▼

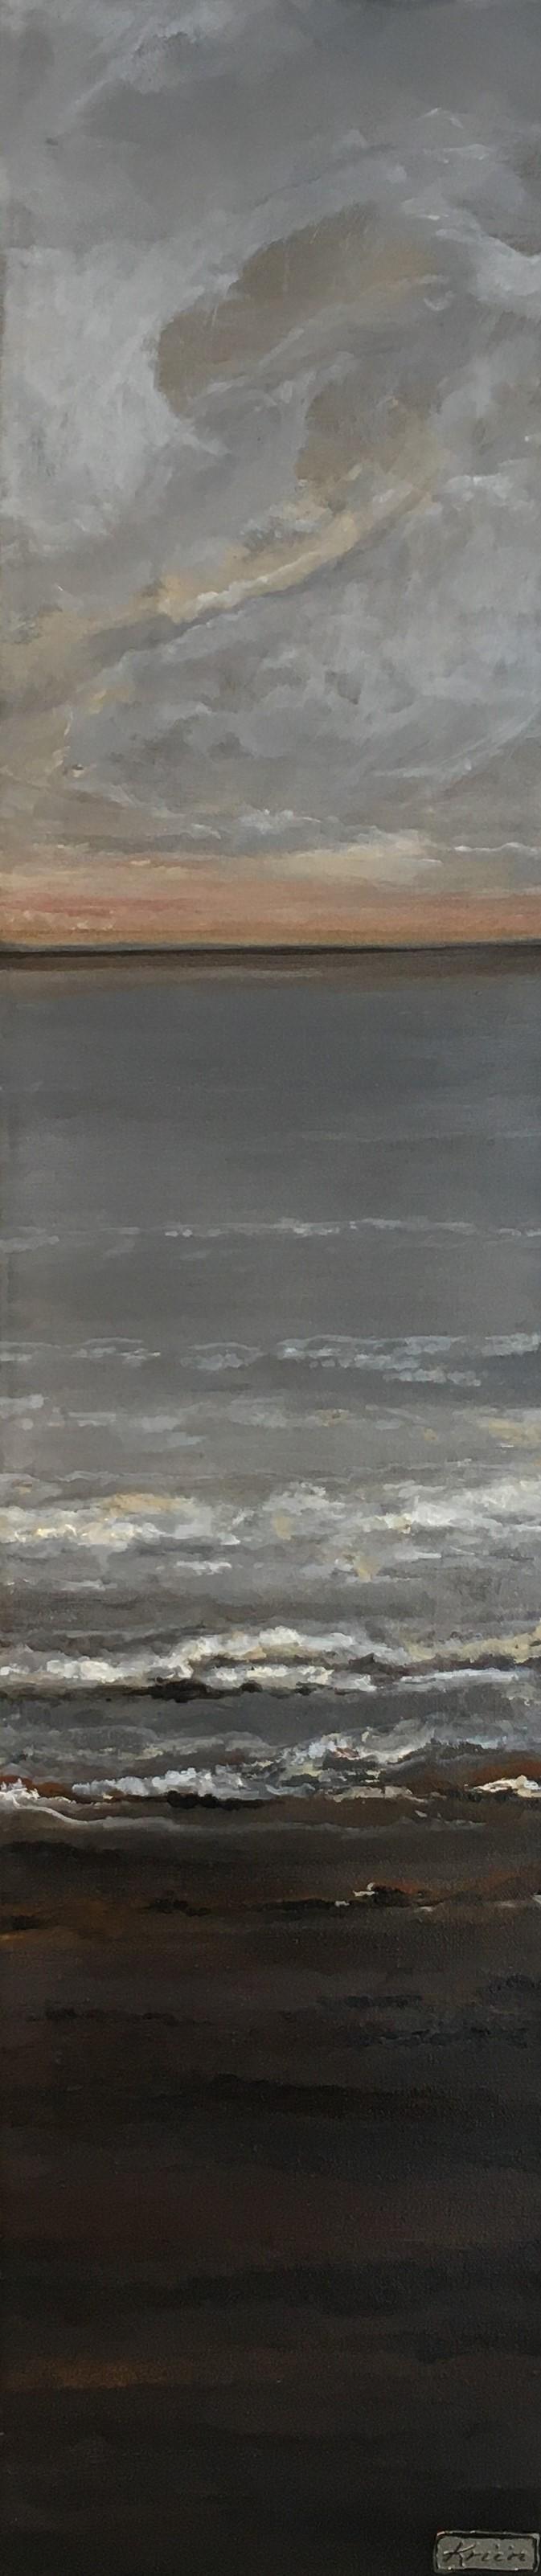 Seascape no.50, (2019) Kriin
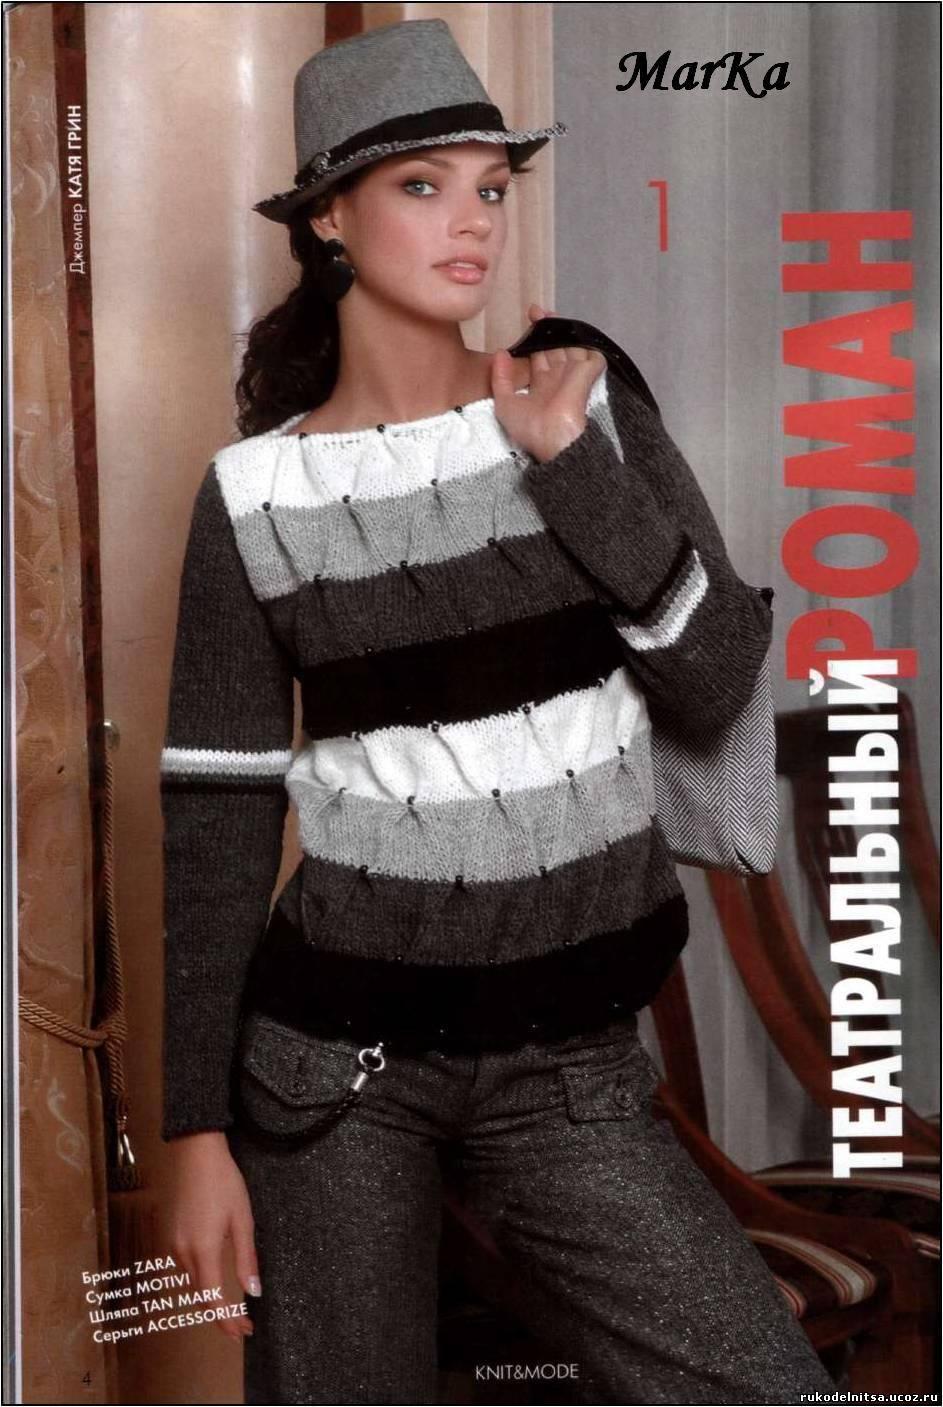 Knit and mode вязание и мода
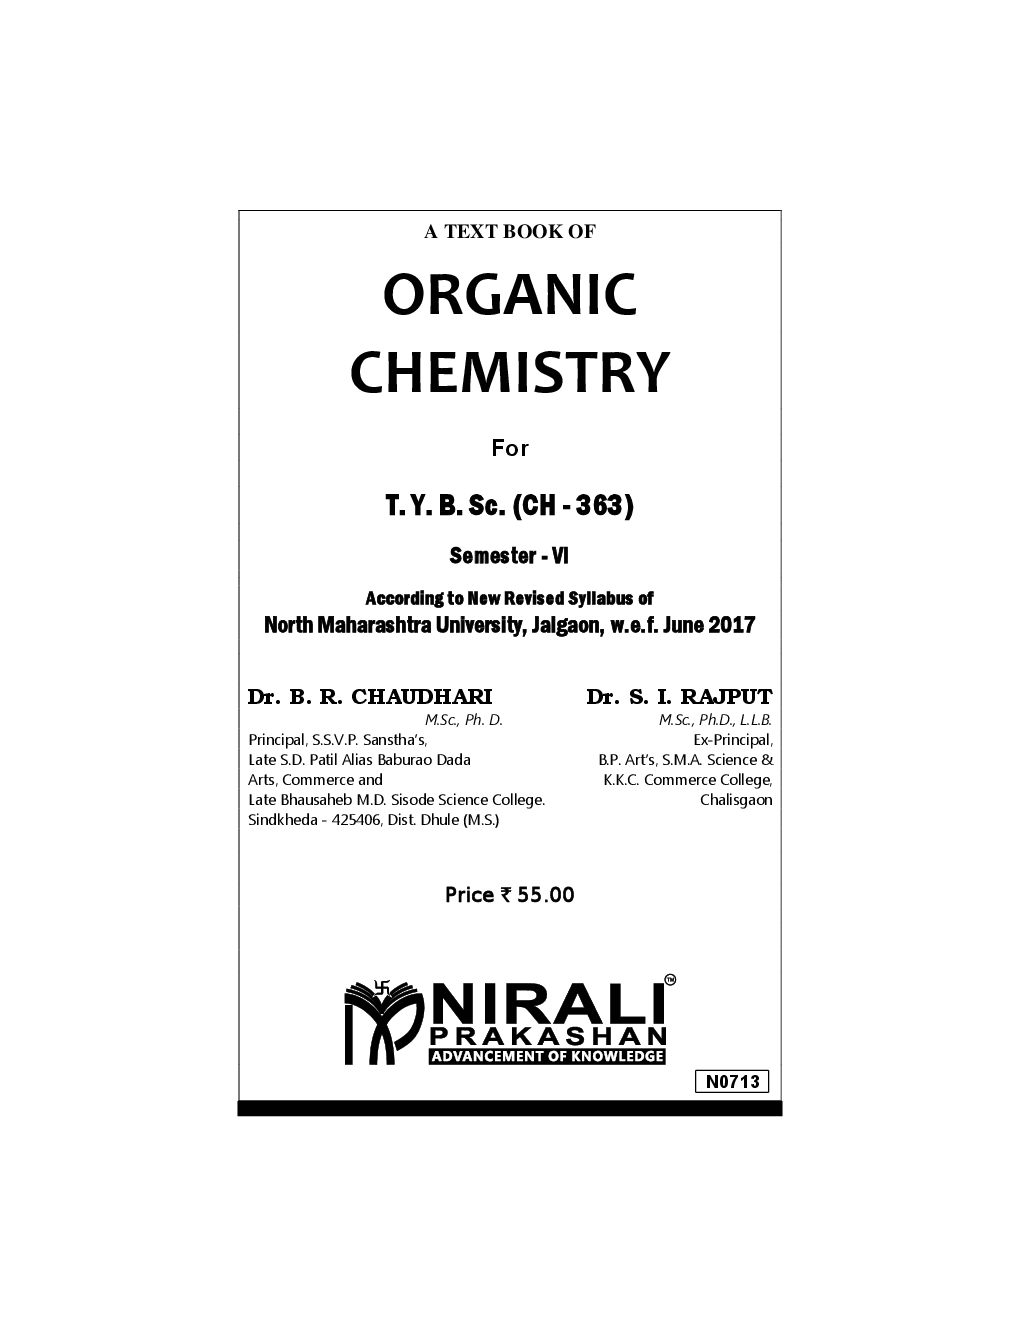 Download Organic Chemistry PDF Online by Dr. B. R

▲

**EXERCISE DIRECTIONS**:
What is needed is a word-for-word copy of the data, minus its pictures.

**TASK ANSWER**:
 Seascape no.50, (2019) Kriin
 Knit and mode вязание и мода
 Download Organic Chemistry PDF Online by Dr. B. R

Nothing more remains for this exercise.